Re: [PATCH v5 bpf-next 1/5] bpf: Add bloom filter map implementation

Andrii Nakryiko <andriin@xxxxxx> · Tue, 26 Oct 2021 20:18:43 -0700

On 10/22/21 3:02 PM, Joanne Koong wrote:
This patch adds the kernel-side changes for the implementation of
a bpf bloom filter map.

The bloom filter map supports peek (determining whether an element
is present in the map) and push (adding an element to the map)
operations.These operations are exposed to userspace applications
through the already existing syscalls in the following way:

BPF_MAP_LOOKUP_ELEM -> peek
BPF_MAP_UPDATE_ELEM -> push

The bloom filter map does not have keys, only values. In light of
this, the bloom filter map's API matches that of queue stack maps:
user applications use BPF_MAP_LOOKUP_ELEM/BPF_MAP_UPDATE_ELEM
which correspond internally to bpf_map_peek_elem/bpf_map_push_elem,
and bpf programs must use the bpf_map_peek_elem and bpf_map_push_elem
APIs to query or add an element to the bloom filter map. When the
bloom filter map is created, it must be created with a key_size of 0.
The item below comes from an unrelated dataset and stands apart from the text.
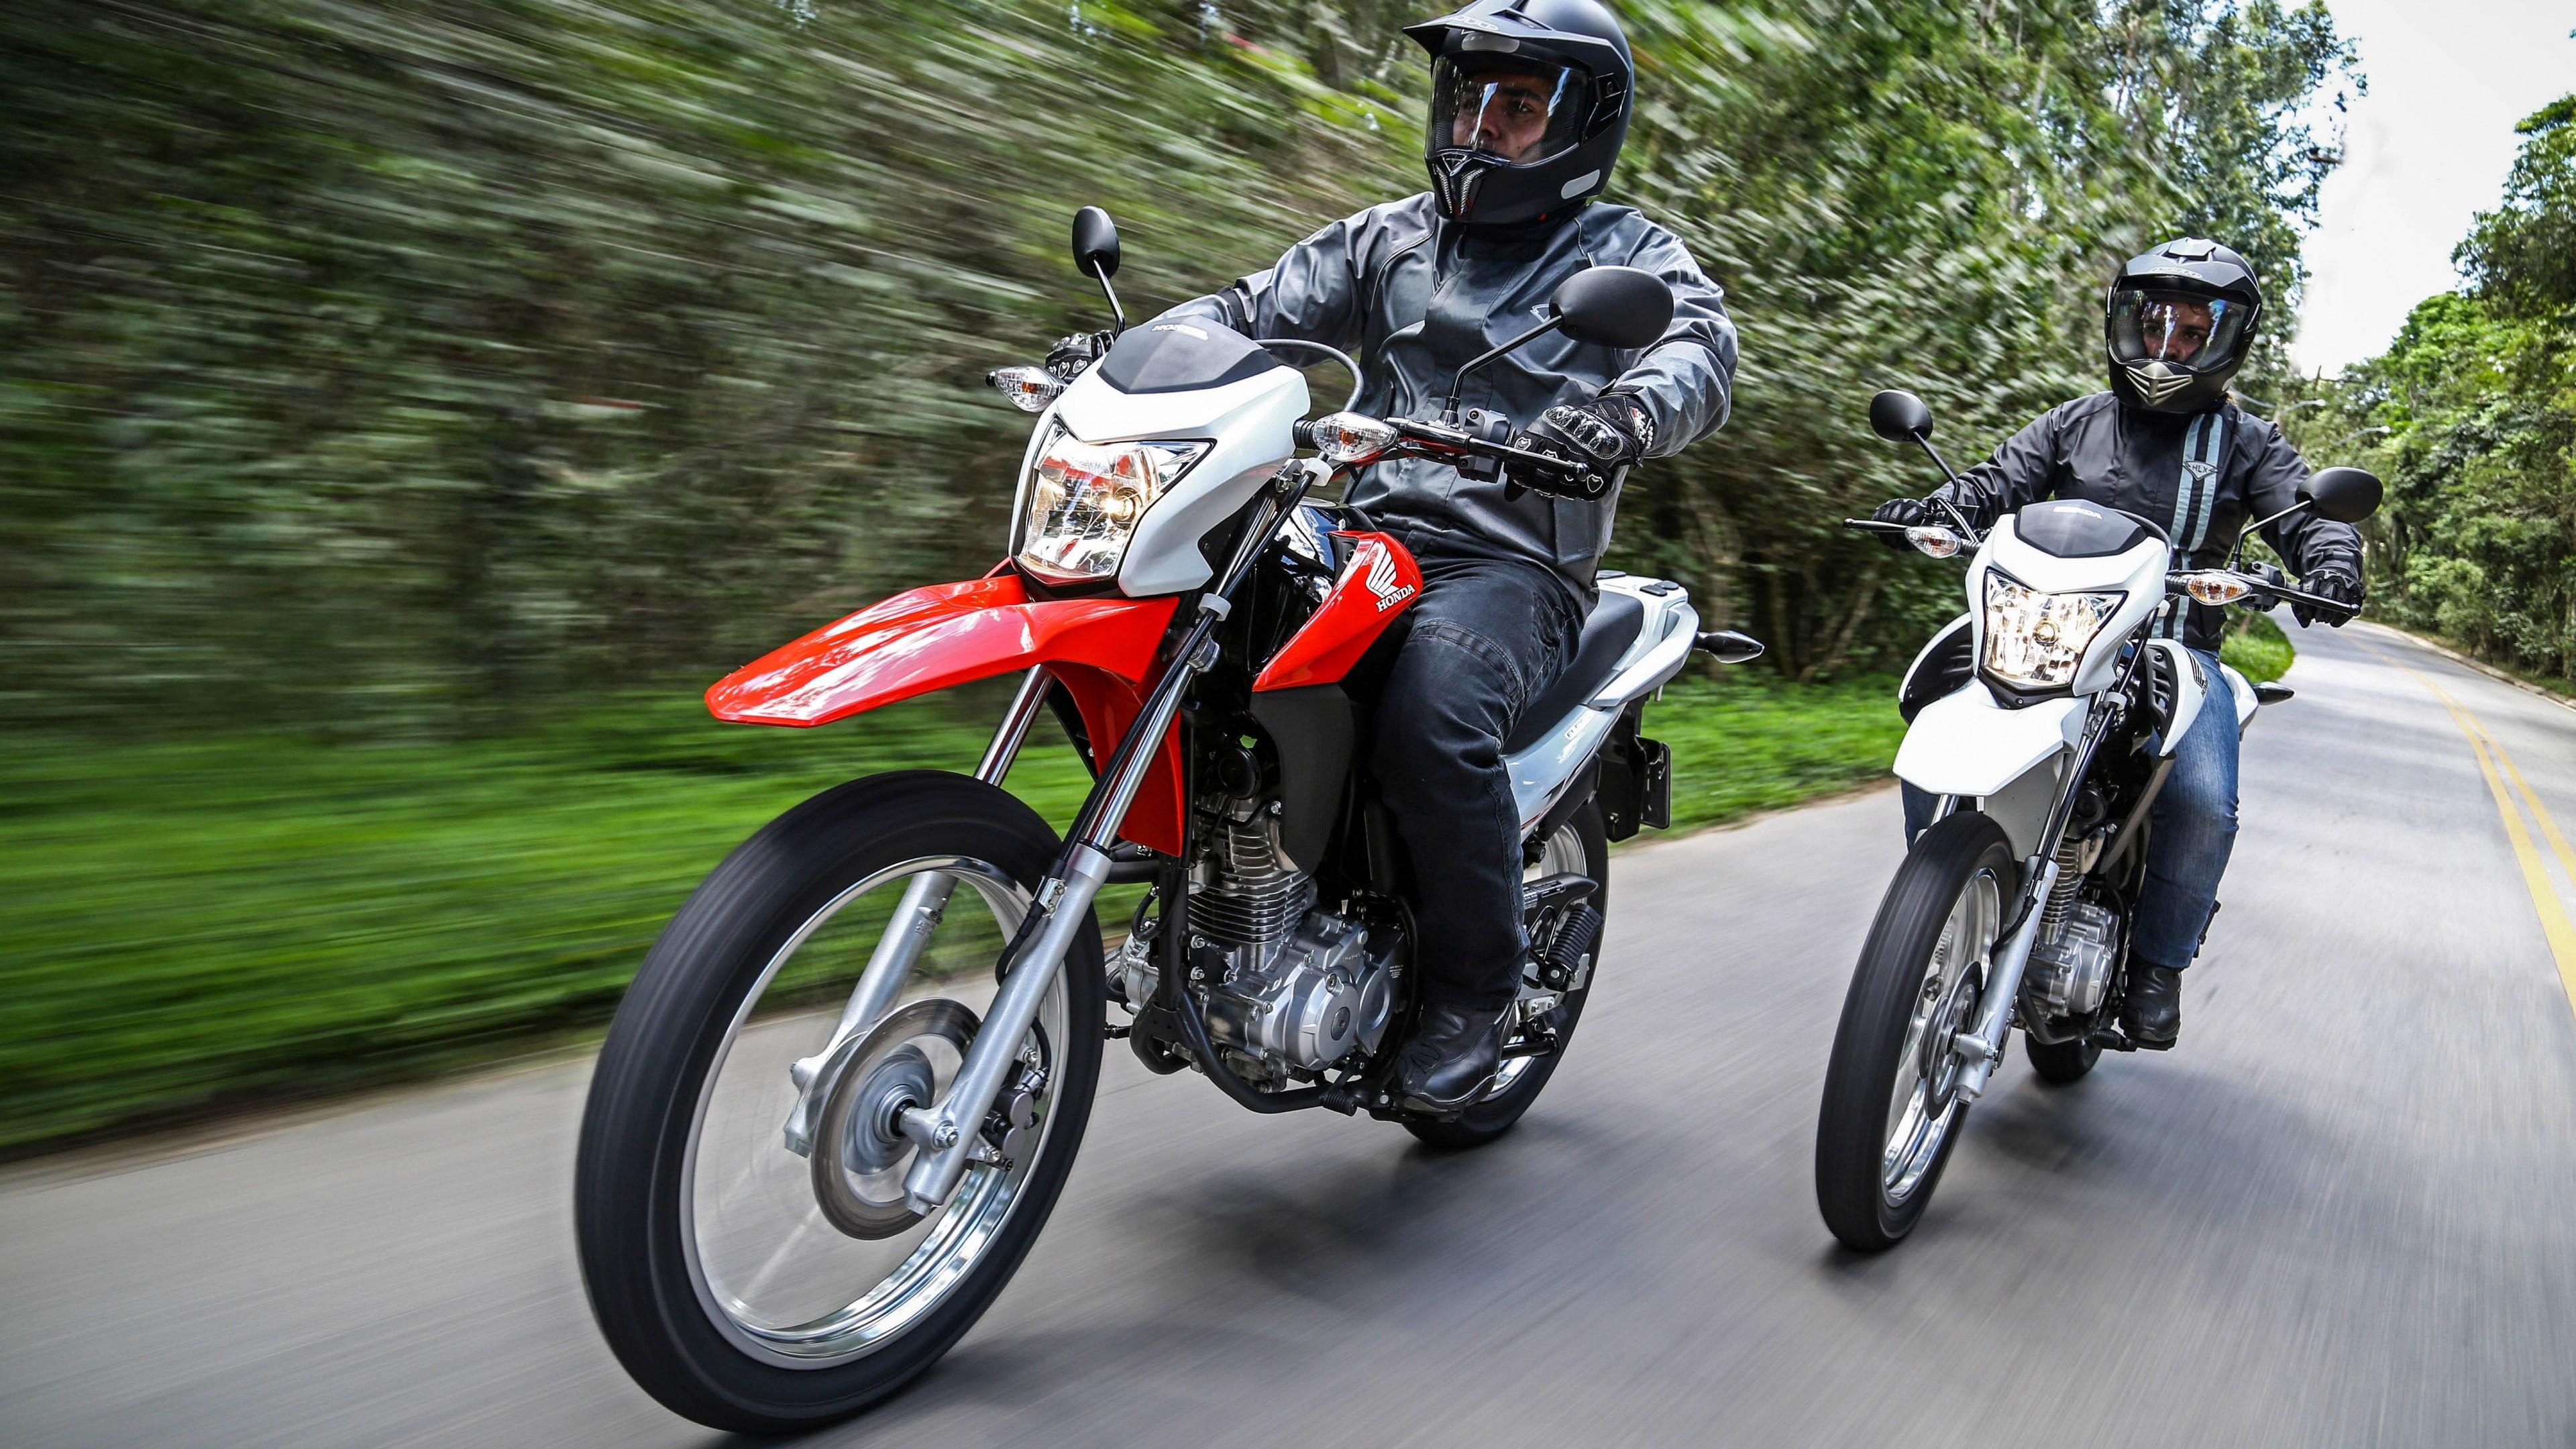 Wallpaper Honda Bros 160 MXR 160 Best Bikes 2015 motorcycle 3840x2160

For updates, the user will pass in the element to add to the map
as the value, with a NULL key. For lookups, the user will pass in the
element to query in the map as the value, with a NULL key. In the
verifier layer, this requires us to modify the argument type of
a bloom filter's BPF_FUNC_map_peek_elem call to ARG_PTR_TO_MAP_VALUE;
as well, in the syscall layer, we need to copy over the user value
so that in bpf_map_peek_elem, we know which specific value to query.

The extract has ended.